Daniel Urcia, presidente de la Federación de Industrias Frigoríficas Regionales Argentinas (FIFRA), advierte sobre un escenario de rentabilidad nula provocado por la caída del 11% en la faena, la suba de servicios públicos y una asimetría impositiva que asfixia al sector formal.

La industria cárnica argentina ha iniciado el año bajo una fuerte presión económica y financiera. Según el último reporte de FIFRA, firmado por su presidente y vicepresidente de la Unión Industrial Argentina, el Dr. Daniel Urcia, la faena de enero sufrió una caída del 11%, lo que confirma el comienzo de un ciclo de retención de hacienda. Este escenario de menor oferta ha impulsado los precios, posicionando al novillo de exportación argentino como el más caro del Mercosur con un valor de 6,28 dólares ,frente a los 4,34 de Brasil y los 5,65 de Uruguay.
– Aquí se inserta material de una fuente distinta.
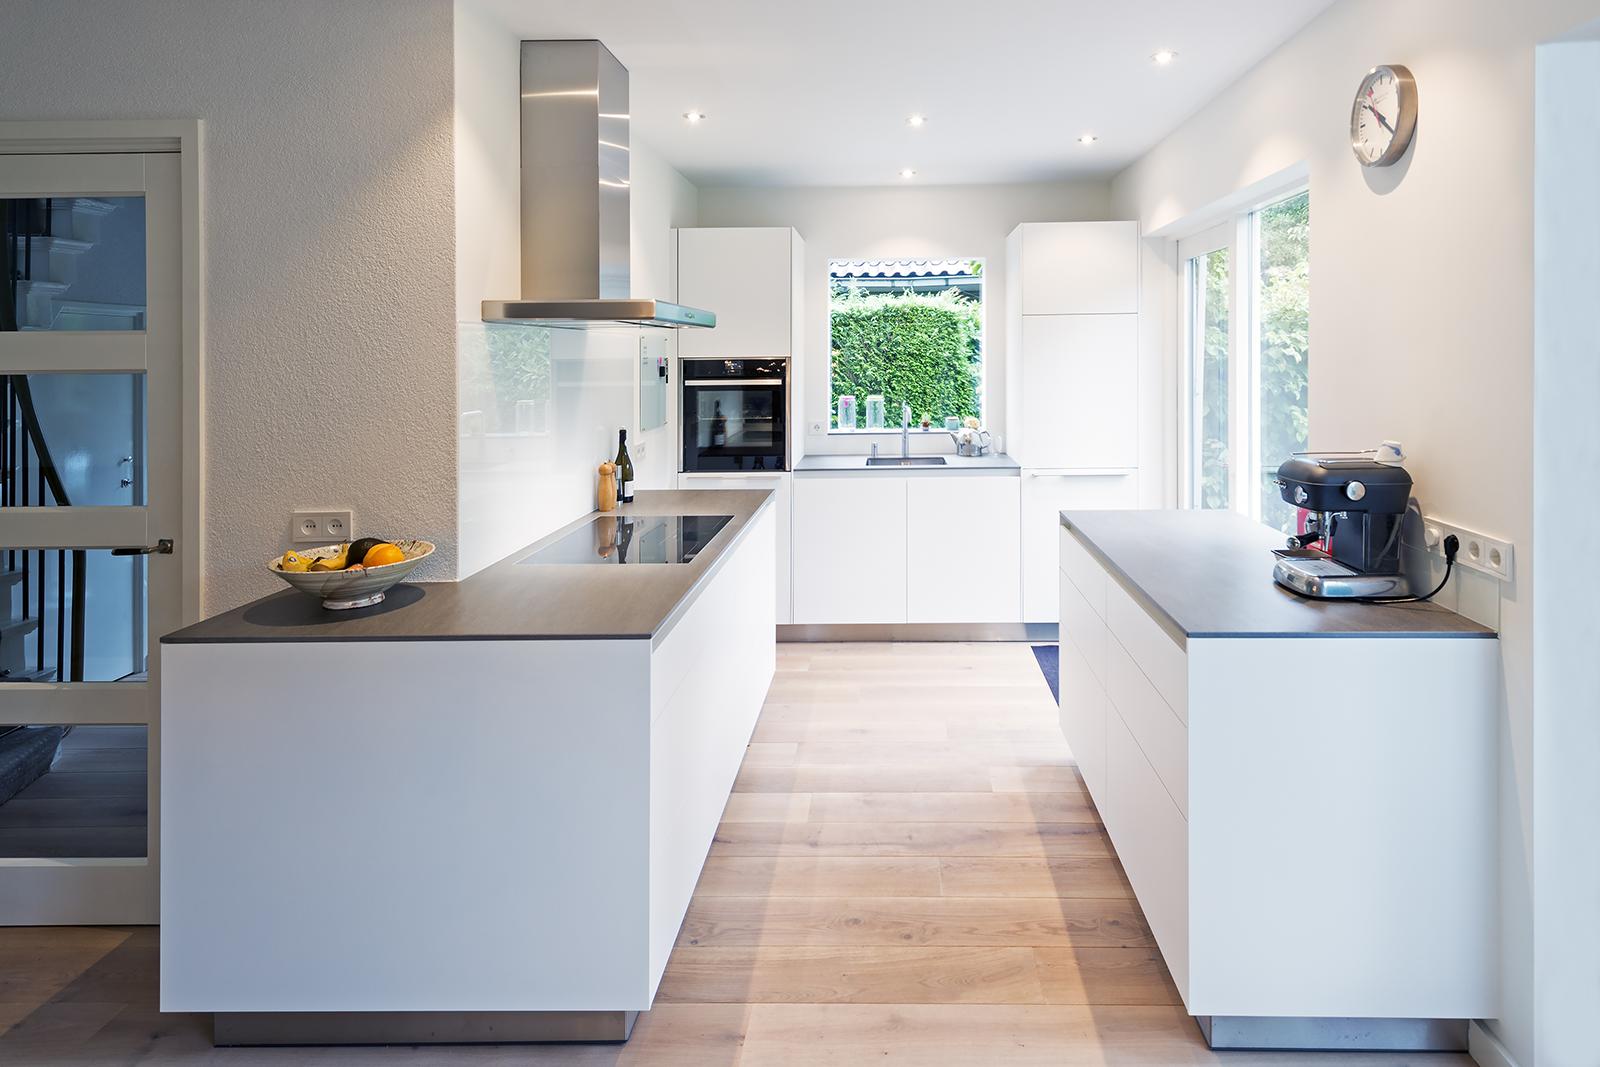 Bulthaup B3 Keuken : Bulthaup keukens stadshaege keukendesign loods keukens keuken

La suba de la materia prima no es el único frente de conflicto. Urcia destaca que los eslabones industriales enfrentan una rentabilidad entre baja y nula debido al encarecimiento de los servicios públicos esenciales (luz, agua y energía eléctrica) y los próximos ajustes salariales por paritarias.

A esto se suma la pérdida de valor del «recupero»: el cuero ha dejado de ser un ingreso para convertirse, en plantas alejadas de los centros de consumo, en un gasto logístico para su desnaturalización. Los ingresos por la venta de sebo, huesos y menudencias ya no logran compensar los costos de faena, obligando a los frigoríficos a cobrar un diferencial a los matarifes. Esta transacción, además, está gravada con un IVA del 21%, mientras que el resto de la cadena tributa el 10,5%, generando saldos técnicos de muy difícil recuperación para las empresas.

El mercado interno y la competencia informal

Pese a los costos crecientes, la industria encuentra un límite en la capacidad de pago de los consumidores. Aunque la carne aumentó un 5% en enero y un 2% adicional en la primera quincena de febrero, es la demanda la que termina imponiendo las condiciones. Si los compradores no convalidan los precios, el impacto se traslada directamente al valor del ganado.

El panorama se agrava por la competencia desleal de operadores informales que ignoran normas sanitarias, fiscales y laborales, perjudicando a los frigoríficos que cumplen con la normativa y enfrentan costos estructurales más altos.

Hitos y eficiencia productiva

No todas las señales son negativas. Un dato destacado es el aumento del peso medio por res producida, que alcanzó los 236 kilos en enero, reflejando una mayor eficiencia en la cadena gracias a la disponibilidad de pastura y los precios del maíz.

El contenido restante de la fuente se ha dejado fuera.